Well, as Chris Corrigan has remarked, I am in deep. I have fallen in love with Open Space...and much like falling in love in general, it is leaving me sleepless, pre-occupied, and roaming about with an evangelical zeal telling anyone who will listen about my new beloved. Thank you, thank you, to those whose ears I have been bending.

In deep is not a comfortable place. My ship has sailed, compass lost, and I am headed out into the thick of the storm--no going back--only a faith-filled surfing on the leading edge of change. As Rumi says, there is a window in the center of my chest that has been opened. To close it would be a betrayal of self.
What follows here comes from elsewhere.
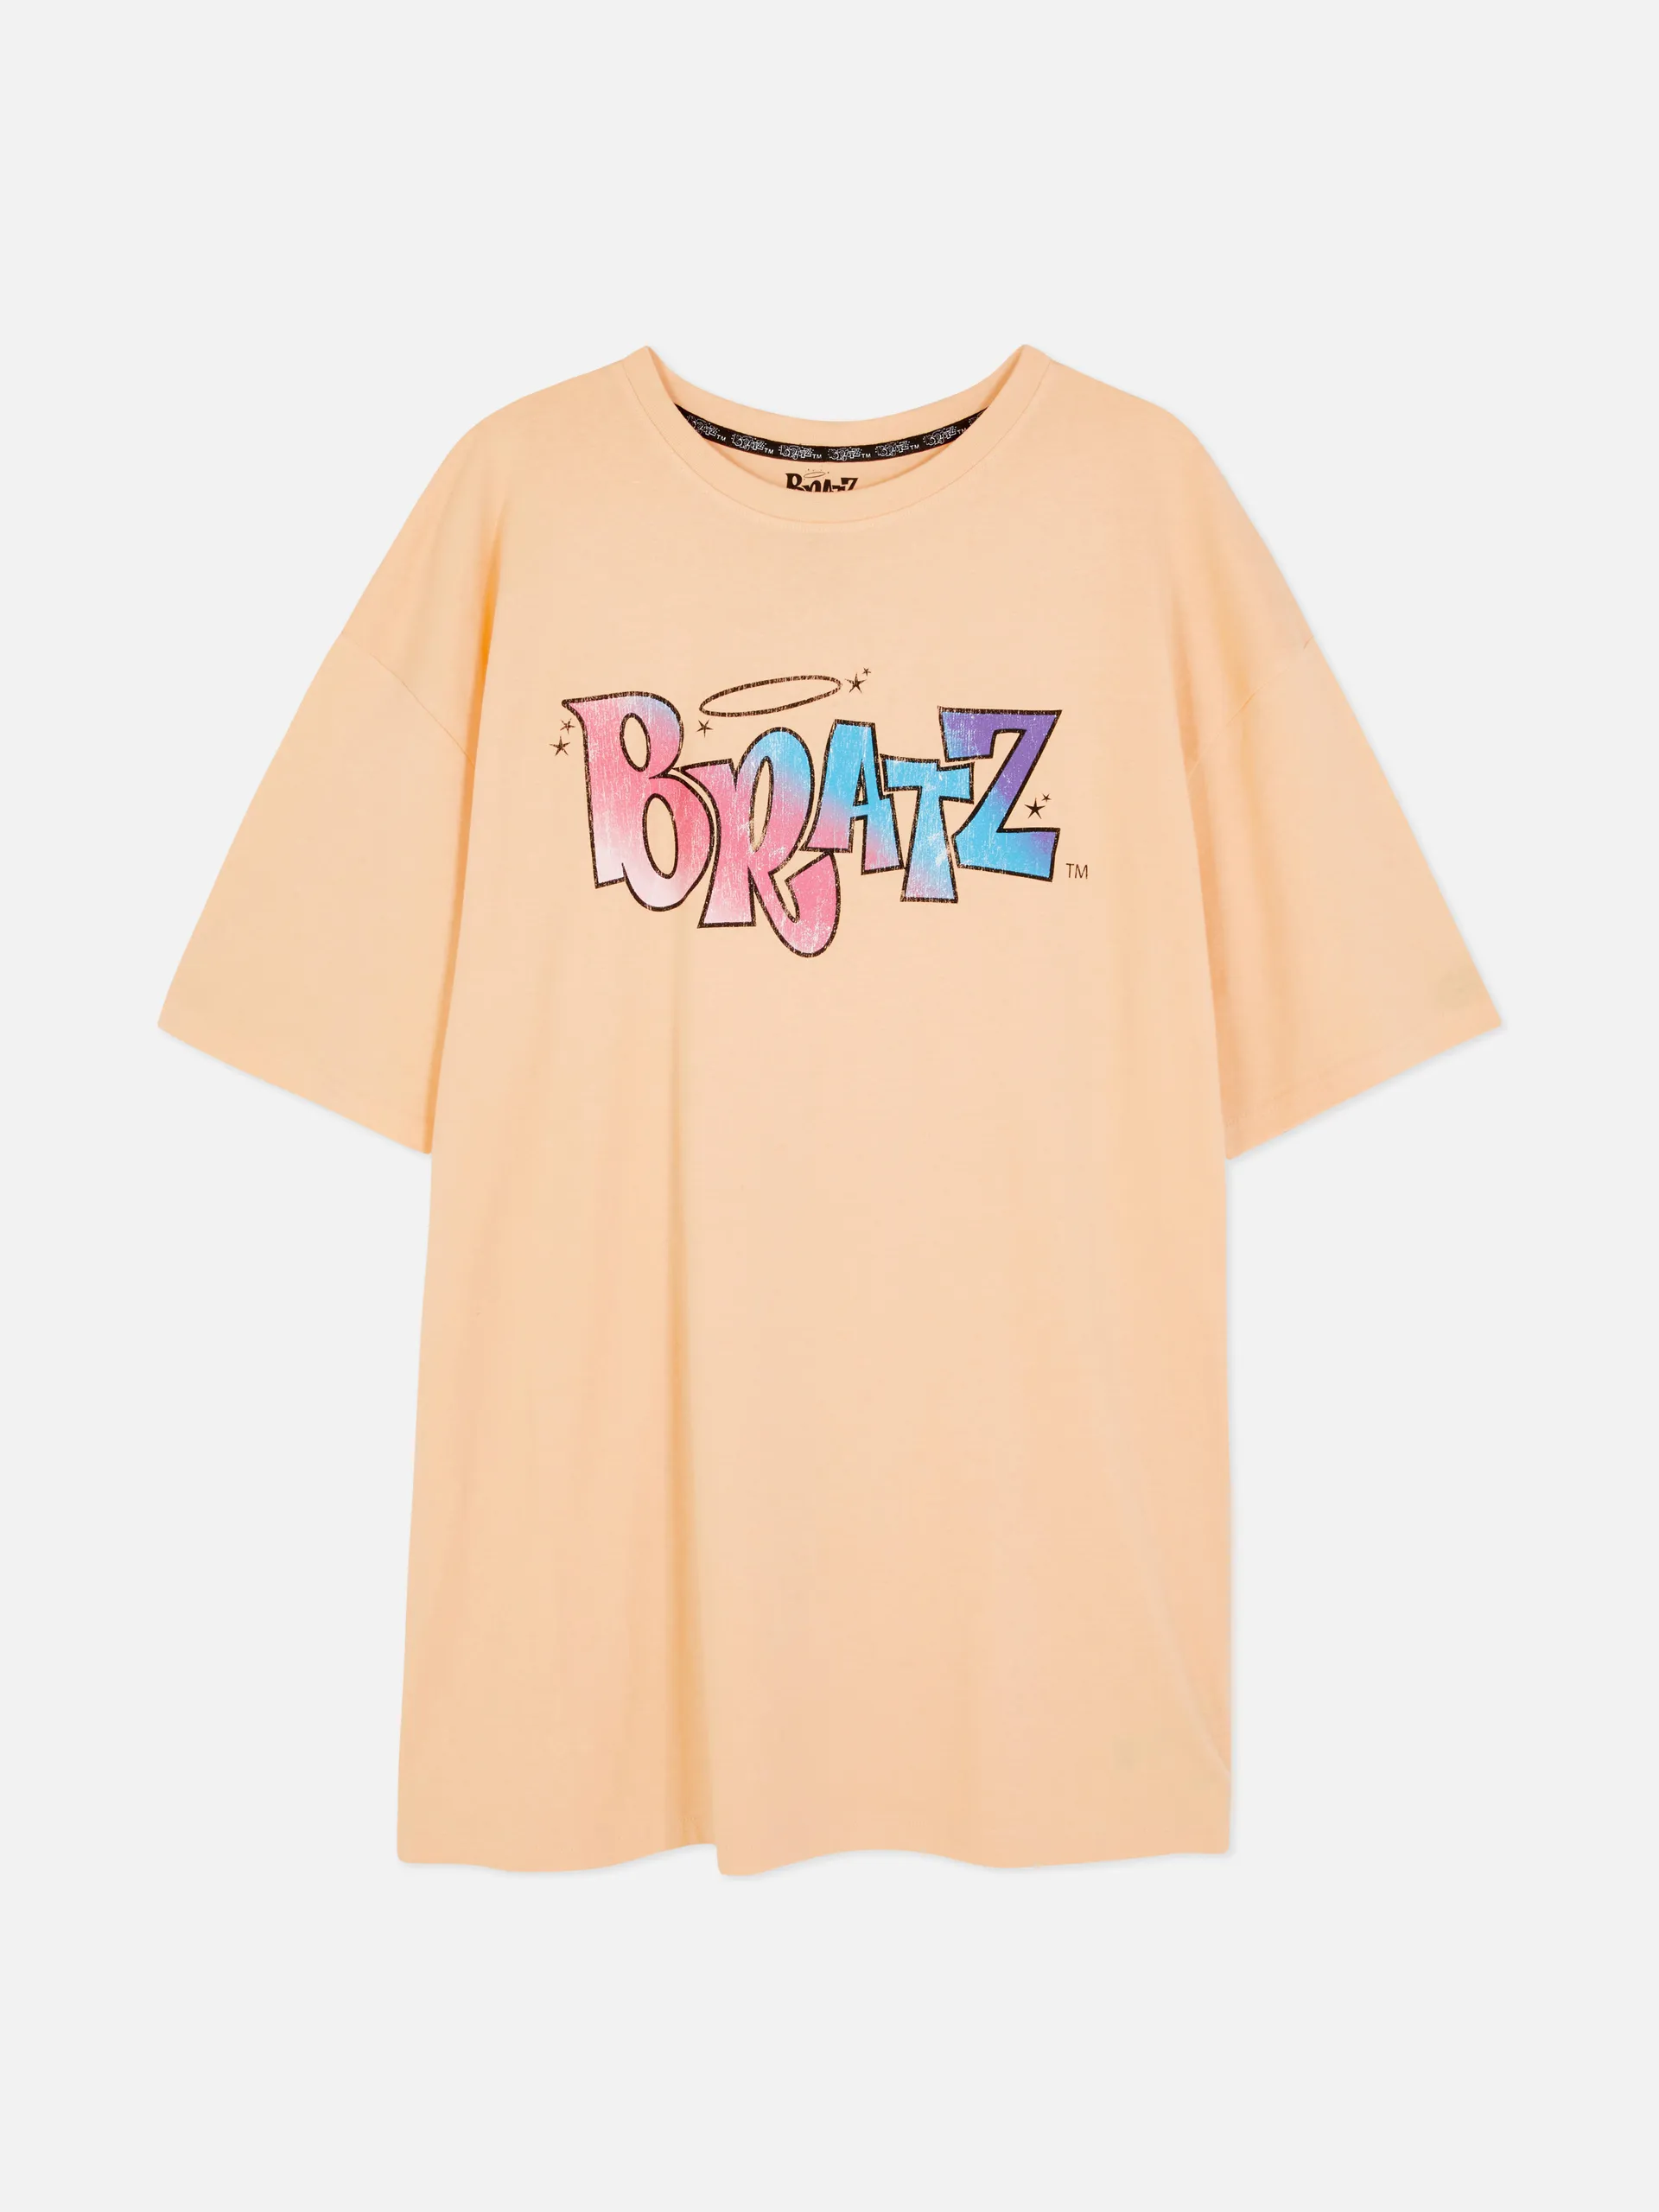 Bratz Night T-Shirt

To leave it open invites all sorts of discomfort.

Change is not a comfortable process. Deep transformative change, where we push ourselves to the edge of chaos, can only be navigated by an engagement of soul that manifests as faith and love in action. My dear friend and colleague K. Louise, calls the energy of this experience, shapeshifting energy. For me that phrase really captures the uncertainty and discomfort of the process. It can feel like peeling off one's skin and walking raw and exposed into an unknown future. In transformative change, the goal is inherently unknowable; to proceed we must engage our faith, be willing to soften into the harsh places, and move forward in our boldest truth with presence and non-attachment.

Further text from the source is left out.